Sletnes K E
Hematologisk forskningslaboratorium, Ullevål sykehus, Oslo.
Tidsskr Nor Laegeforen. 1993 Nov 20;113(28):3457-9.
Thromboembolic disease is a major clinical problem. This article reviews the etiology and pathogenesis of spontaneous venous thromboembolism. There is an association between thromboembolism and hereditary deficiency of antithrombin III, protein C or protein S. In young patients, impaired fibrinolytic activity may represent the most common haemostatic abnormality associated with thrombosis. Dysfibrinogenaemia has been related to thrombotic disease in some patients.

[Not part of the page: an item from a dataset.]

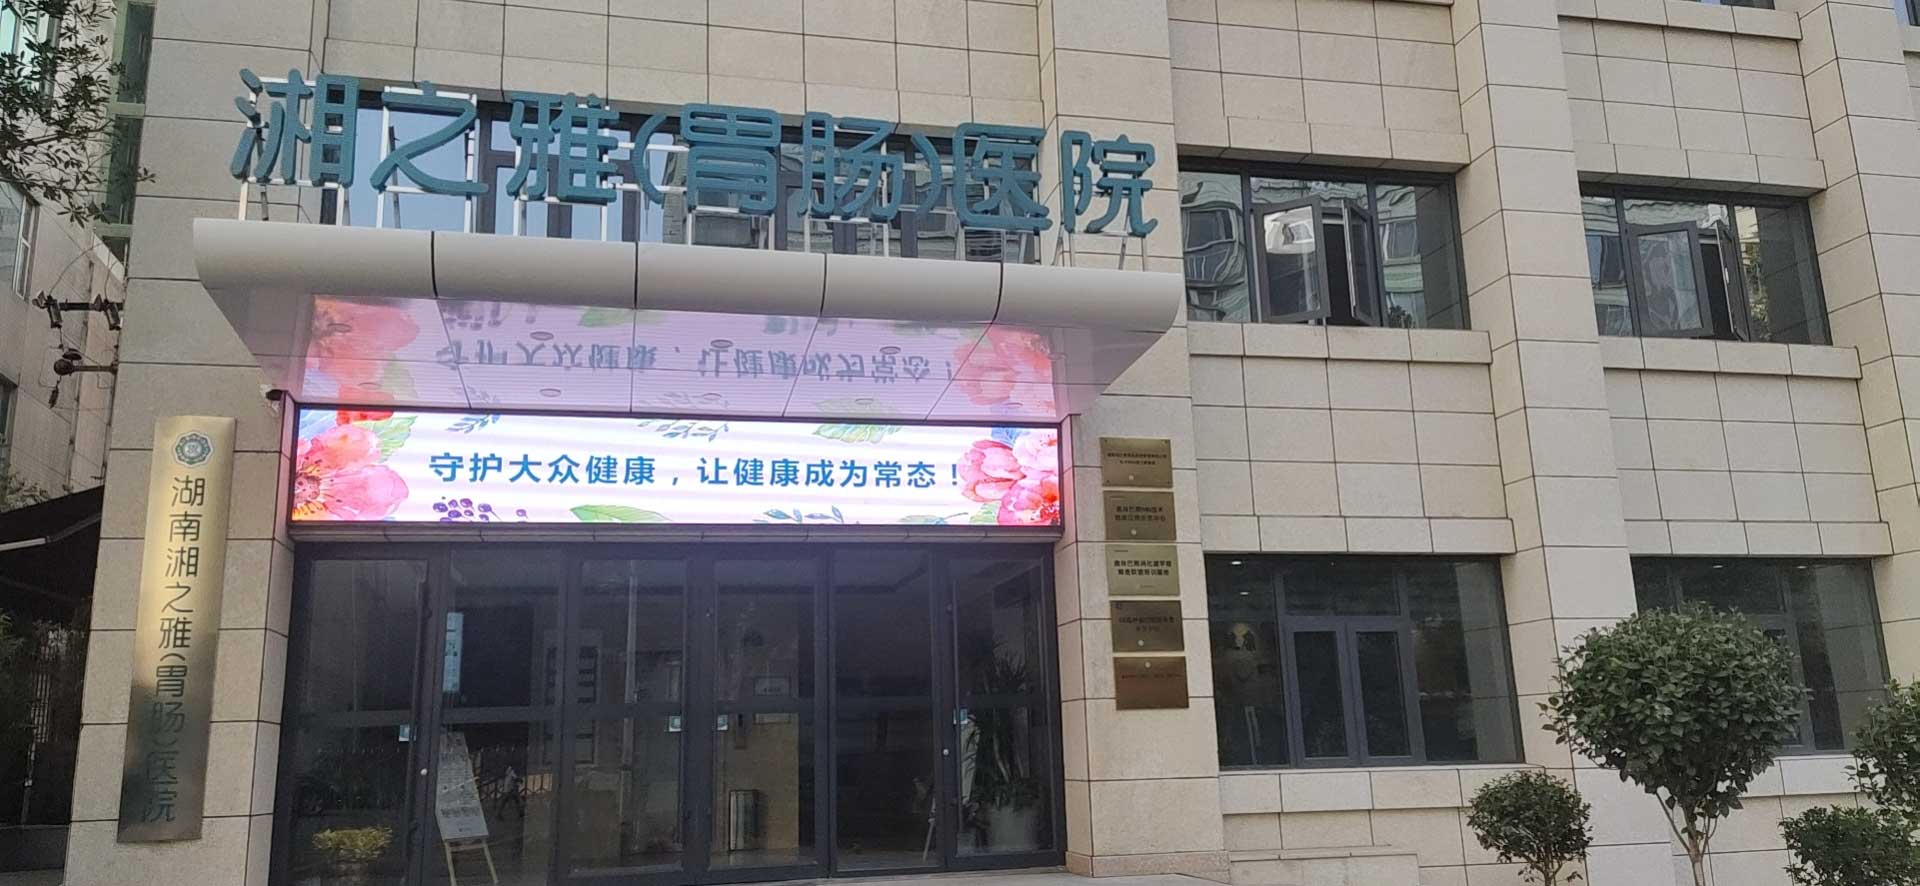 湘之雅胃腸醫院潔福PVC地板工程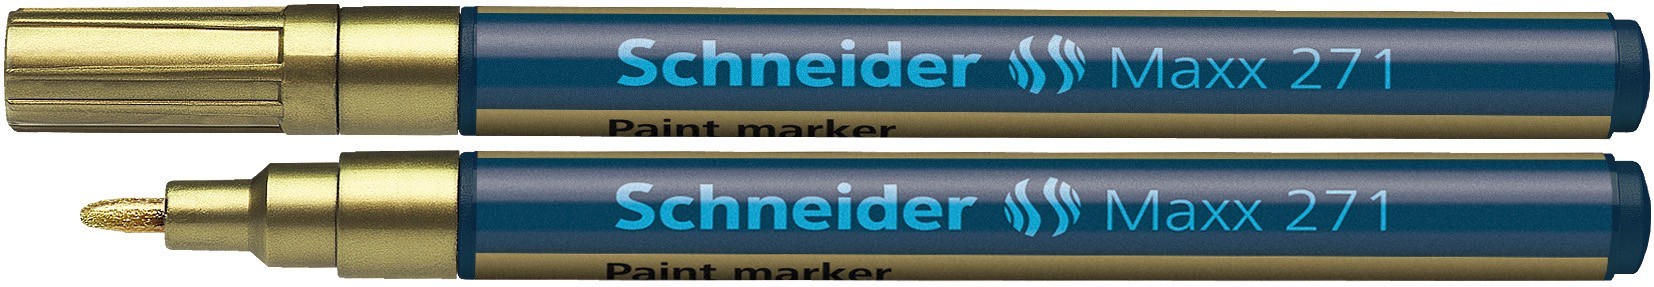 Marker cu vopsea SCHNEIDER Maxx 271, varf rotund 1-2mm - auriu

Moreover, the presence of phospholipid directed antibodies is associated with thrombosis in patients with connective tissue disorders. Therefore, for young patients with spontaneous thromboembolic disease, a thorough laboratory investigation is recommended.
血栓栓塞性疾病是一个主要的临床问题。本文综述了自发性静脉血栓栓塞的病因和发病机制。血栓栓塞与抗凝血酶III、蛋白C或蛋白S的遗传性缺乏之间存在关联。在年轻患者中,纤溶活性受损可能是与血栓形成相关的最常见的止血异常。在一些患者中,异常纤维蛋白原血症与血栓性疾病有关。此外,磷脂导向抗体的存在与结缔组织疾病患者的血栓形成有关。因此,对于患有自发性血栓栓塞性疾病的年轻患者,建议进行全面的实验室检查。